Considerable variation in reporting methods for IFD-related mortality data was observed, making interpretation difficult. In many cases, denominator data were not included and attributable mortality could not be differentiated from crude mortality. Some studies may have been affected by ascertainment bias [17, 25, 63, 78]. The inclusion of some biomarkers (e.g. galactomannan, β-D-glucan) and not others (e.g. PCR), and the heavy reliance on specific radiological signs in EORTC/MSG criteria, has led to a stricter definition of IFD, resulting in a significant reduction of possible/probable IFD cases, with an anticipated improvement in specificity for clinical trials [2], However, the criteria are unsuitable for the evaluation of new diagnostic tools because existing criteria are used to define the disease, which may lead to ascertainment bias.

Guidelines provide recommendations for the use of biological tests in adult patients [91, 92]. Although strong evidence supports the use of galactomannan testing in serum, only moderate evidence supports the use of combined mannan/anti-mannan testing in serum [91]. Anti-mannan antibody testing was not included in this analysis. No PCR recommendations were proposed, owing to a lack of standardisation [91]. HRCT scans and the galactomannan assay were used for diagnosis, although cut-offs and the frequency of testing varied. Utilisation of the (1,3)-β-d-glucan assay and PCR testing was limited.

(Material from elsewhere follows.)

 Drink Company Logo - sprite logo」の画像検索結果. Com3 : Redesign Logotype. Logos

A variety of terms were used to describe strategies for the prevention and treatment of IFD, leading to confusion and overlap. Antifungal prophylaxis was used in many studies, but the definition of efficacy or failure varied. Empirical treatment was generally defined as the initiation of antifungal therapy in a neutropaenic patient with persistent fever, despite broad-spectrum antibiotics for 4 to 7 days. Other terms included universal empirical and early antifungal therapy. Several studies misinterpreted pre-emptive therapy, a strategy which aims to detect infection before clinical disease develops. When clinical and radiological disease is present, the opportunity for the pre-emptive therapy of infection has passed. Other terms identified included clinically driven, diagnostic-driven treatment and targeted prophylaxis/therapy.

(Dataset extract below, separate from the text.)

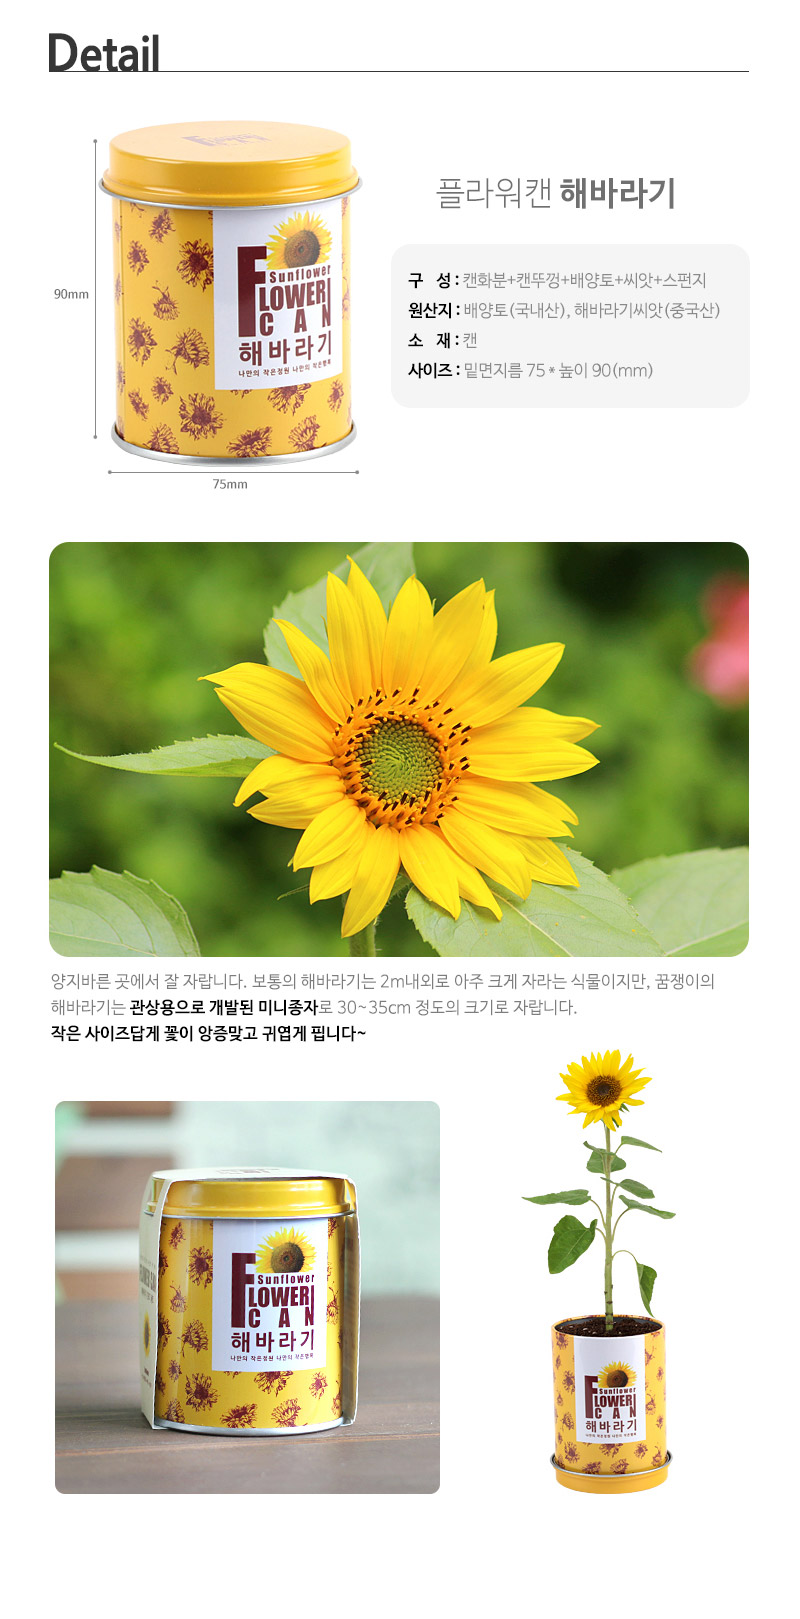 flowercan-sunflower_02.jpg

Although there is a dearth of studies comparing empirical and pre-emptive treatment strategies, only two randomised, controlled studies were identified. The variations in diagnosis and treatment in these studies led to difficulties in developing conclusions regarding the role of pre-emptive therapy. A prospective, randomised clinical study comparing empirical and diagnostic-driven (pre-emptive) therapy in patients with acute leukaemia or undergoing allogeneic SCT is ongoing in European centres (NCT01288378).

Studies assessing the economic burden of IFDs are limited; the incremental cost burden is estimated to be between €10,530 and €51,033, depending on the certainty of infection and the duration of follow-up. Drivers of HCRU burden included hospitalisation, diagnostic testing and medications. To demonstrate a clear cost benefit, further evidence that a pre-emptive strategy decreases antifungal use compared with a standard empirical approach is needed.

In conclusion, the primary evidence reported here demonstrates the importance of IFDs in Europe and highlights the need for early and appropriate therapy, facilitated by new techniques for more rapid diagnosis. Additional studies are required in order to establish the clinical and economic burden of IFDs, and assess current treatment practices.